Required work →
Practice item. Set the material below down again exactly, with no pictures.

The data →
*** Block opens ***
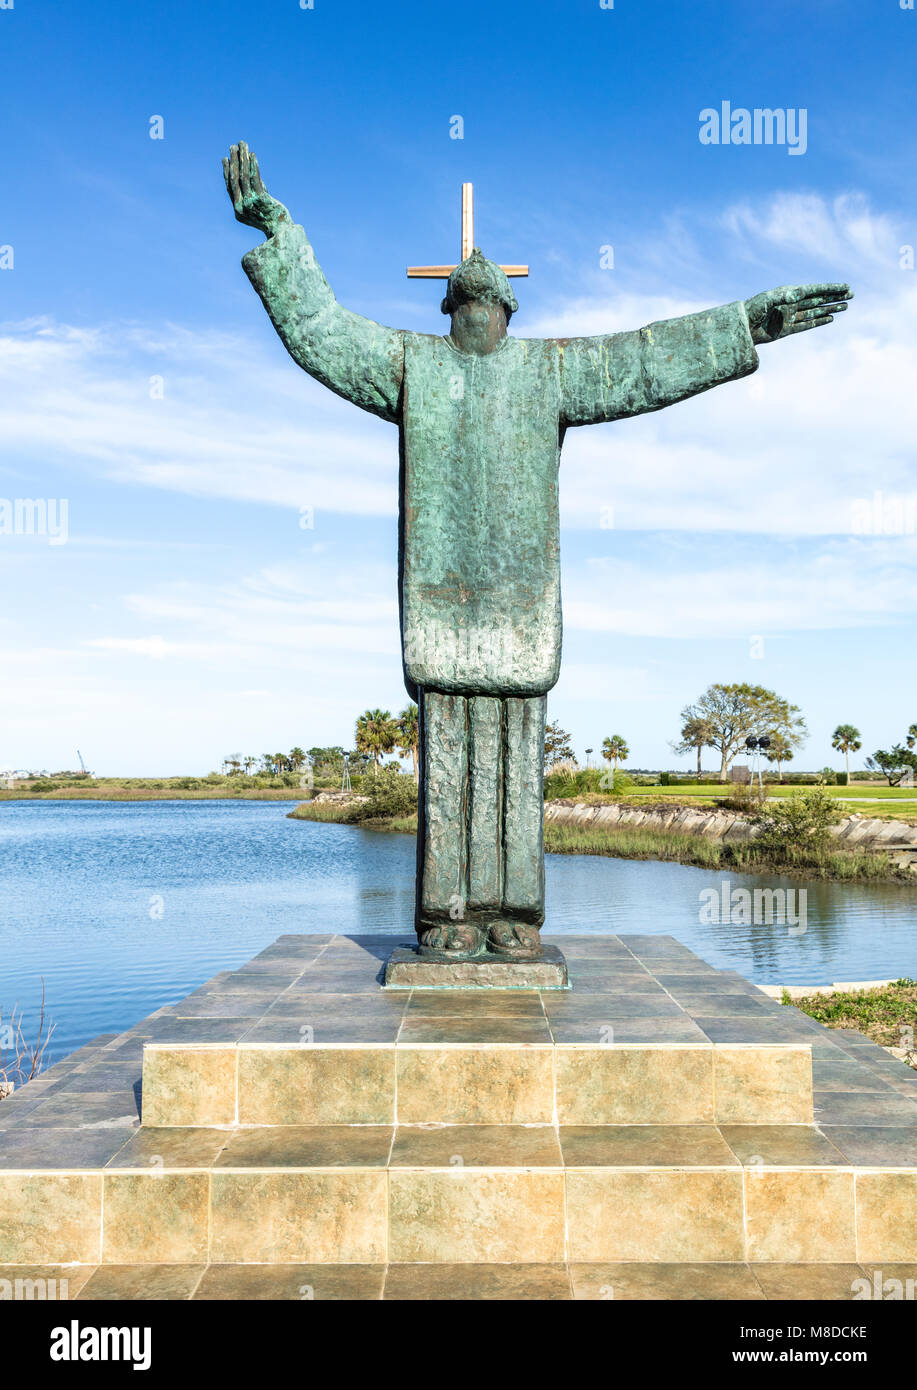 St Augustine, FL - Mars 07, 2018 : une vue de la statue en bronze du Père Francisco Lopez construite par Ivan Mestrovi. La statue est située sur le Banque D'Images
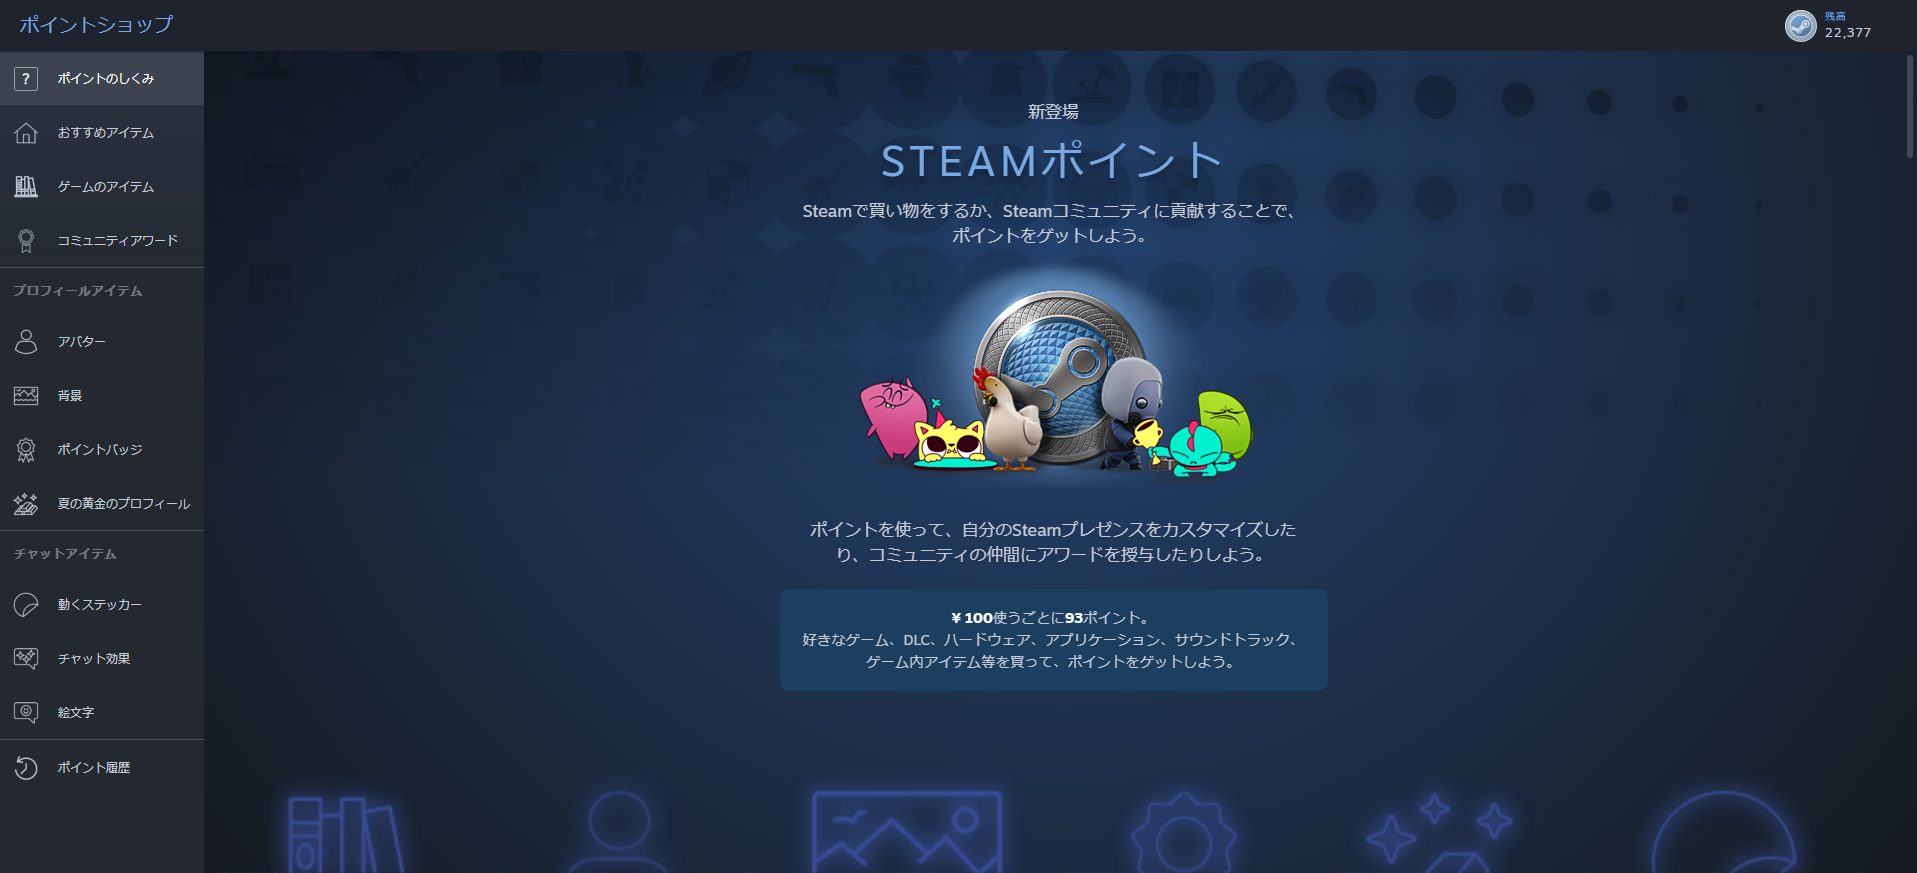 Steamポイント の仕組みと使い道を紹介 Maruhoi1 S Blog
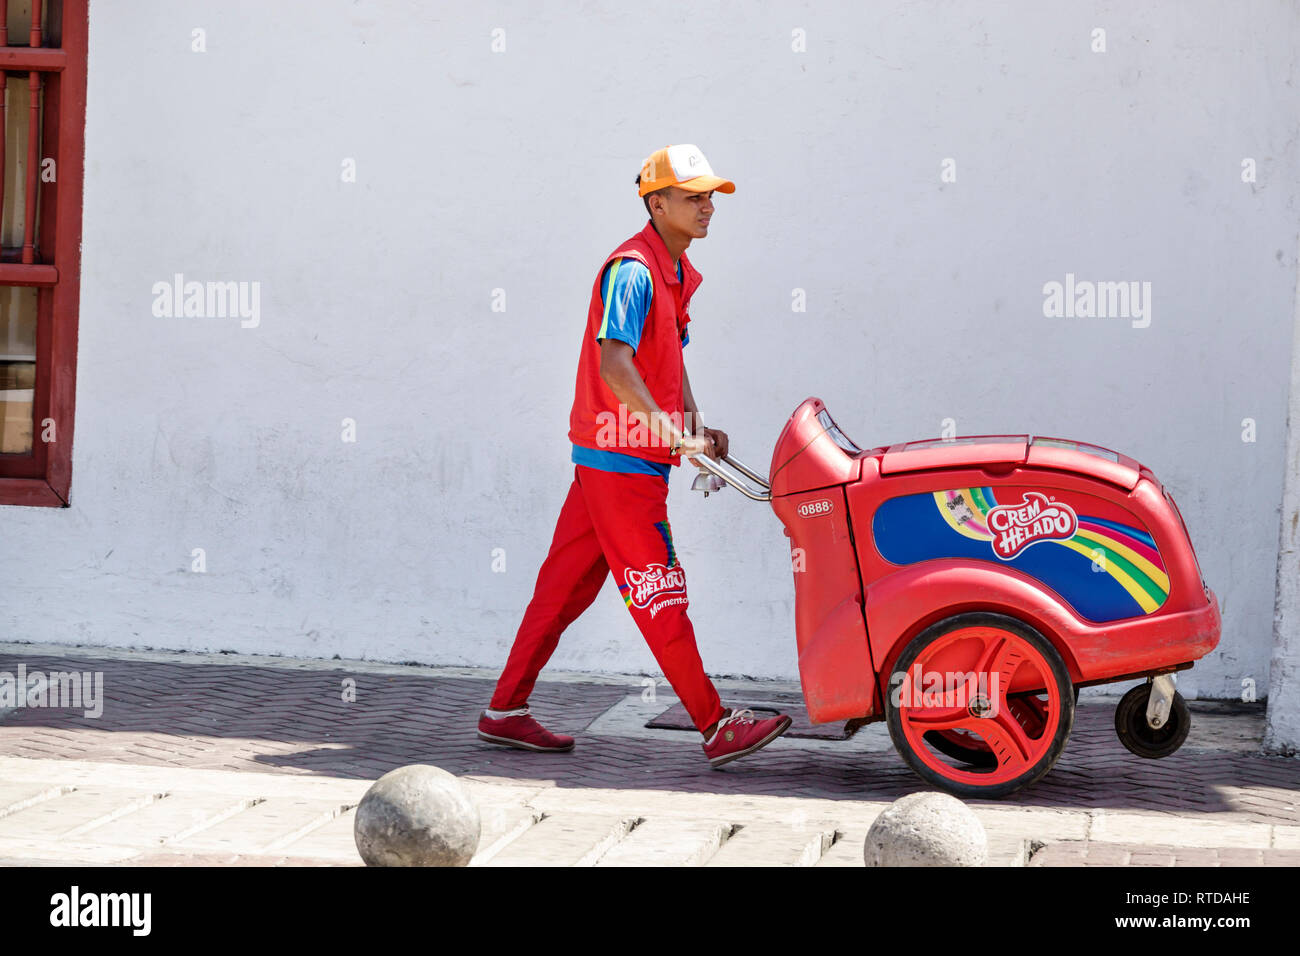 Cartagena Colombia,residenti ispanici,distributore di gelati carrello mobile CREM Helado,uomo uomo maschio,giovane adulto,spingere,uniforme,lavoro,COL190119107 Foto Stock
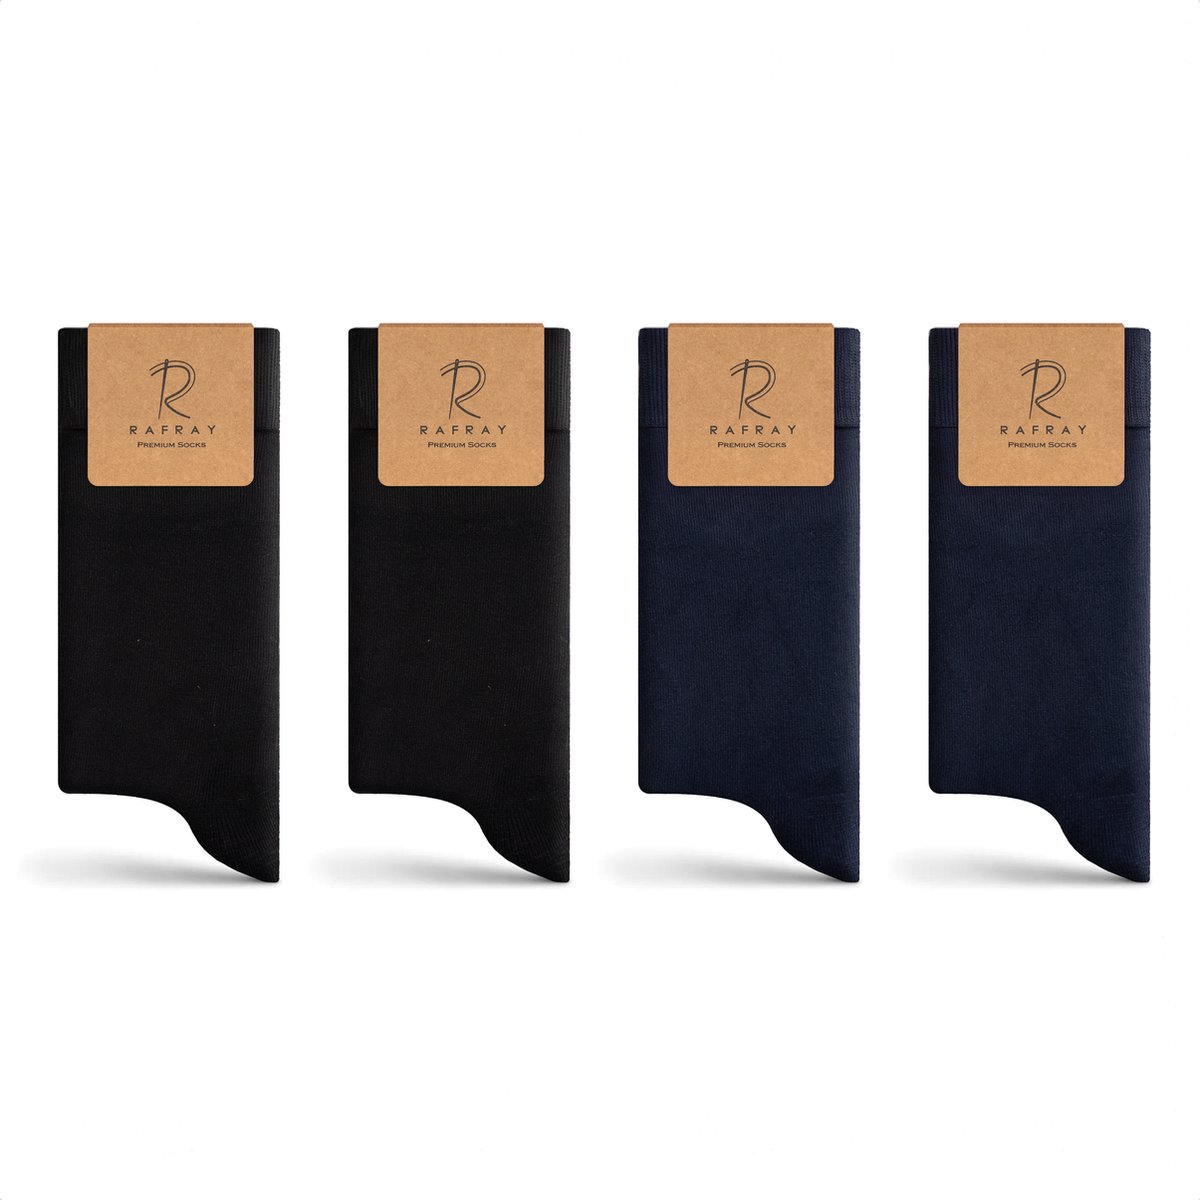 Rafray Socks - Premium Bamboe Sokken Gift box - Premium Bamboo Socks - Zwart & Blauw - 4 paar - Maat 40-44
*** Block closes ***
Result of the task →
 St Augustine, FL - Mars 07, 2018 : une vue de la statue en bronze du Père Francisco Lopez construite par Ivan Mestrovi. La statue est située sur le Banque D'Images
 Steamポイント の仕組みと使い道を紹介 Maruhoi1 S Blog
 Cartagena Colombia,residenti ispanici,distributore di gelati carrello mobile CREM Helado,uomo uomo maschio,giovane adulto,spingere,uniforme,lavoro,COL190119107 Foto Stock
 Rafray Socks - Premium Bamboe Sokken Gift box - Premium Bamboo Socks - Zwart & Blauw - 4 paar - Maat 40-44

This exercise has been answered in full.